I have done that, but I am running into issues when working with the GCN layer. Each node feature would have to be a 30 x 768 tensor, but the GCN would expect a 1d tensor of 30 tokens, correct?

rusty1s commented 3 years ago

Not sure I understand. You should get back a feature vector for each encoded sentence/word, which you can simply use as node features for your GCN. In case you have 30 nodes, and BERT decodes features as 768-dimensional tensors, this results in a node feature matrix of shape [30, 768] which you can then input into your GNN.

mahadafzal commented 3 years ago

My understanding is that when I tokenize a sentence for a maximum length of, for example, 30 tokens in a sentence, the BERT tokenizer returns a 30x786 tensor, with 30 being the number of tokens in a sentence, and 786 being the length of the feature vector for each token. If there are 3 nodes in my graph, the tensor fed into the GCN model would have a 3 x 30 x 786 dimension, with the dimension for each node feature being 30 x 786.
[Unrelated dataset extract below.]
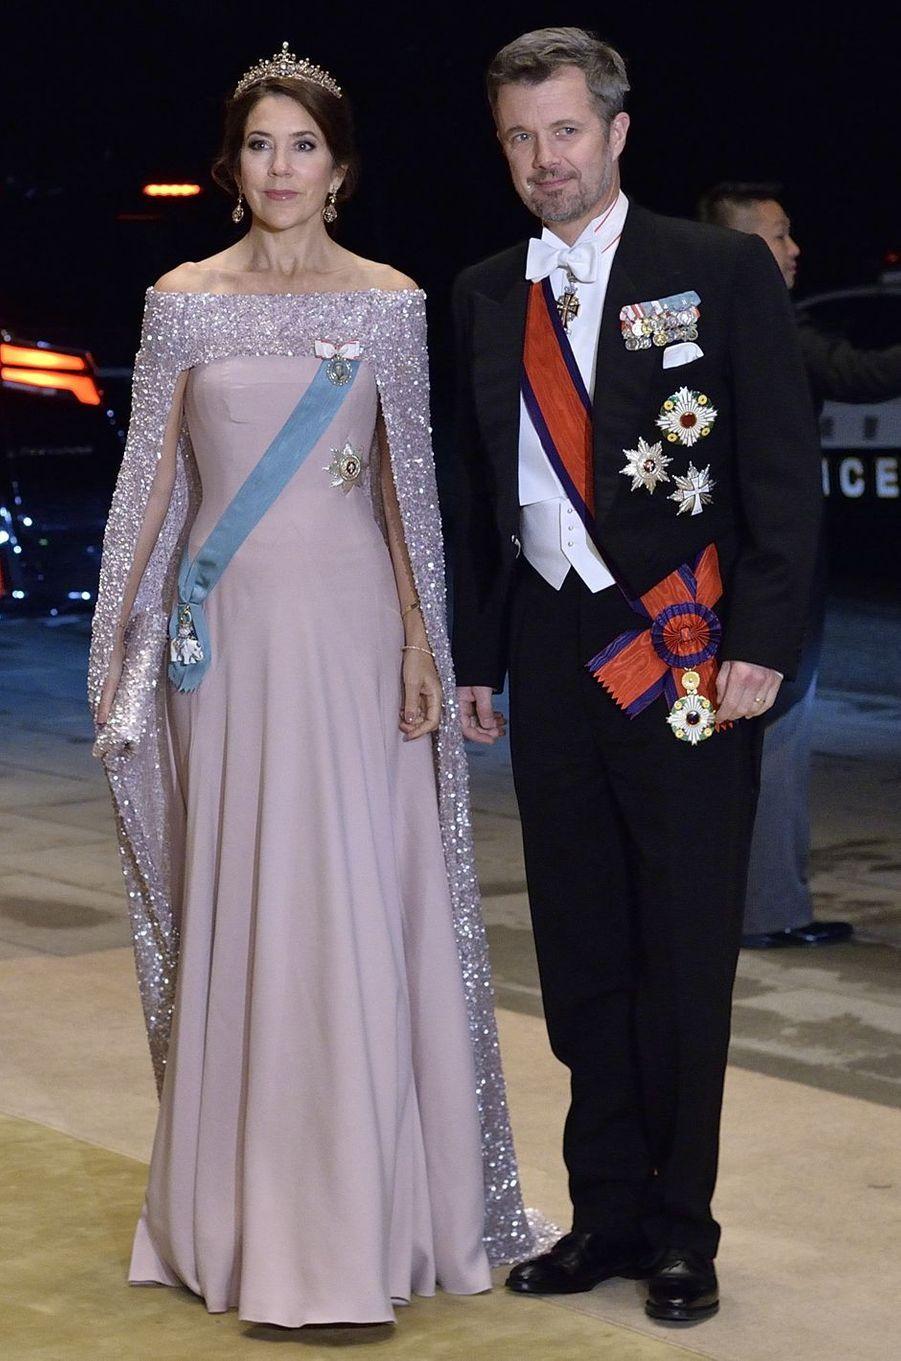 La princesse Mary de Danemark dans une robe Birgit Hallstein et une cape Jesper Hovring, à Tokyo le 22 octobre 2019

Since the GCN layer is only expecting a single integer in its in_channels parameter, how would I go about defining a 30 x 786 input channel for the model? Or if that is not possible, would you have a work around in mind?

rusty1s commented 3 years ago

I see. I think what people are commonly doing is to take the average features over all tokens, e.g., feature.mean(dim=0).

mahadafzal commented 3 years ago

Alright! I think another work around would also be to use the pooled output for BERT i.e. the embeddings for the first [CLS] token. That way, the 786 vector would represent contextual embeddings for the whole sequence. Closing this issue, thanks for the help!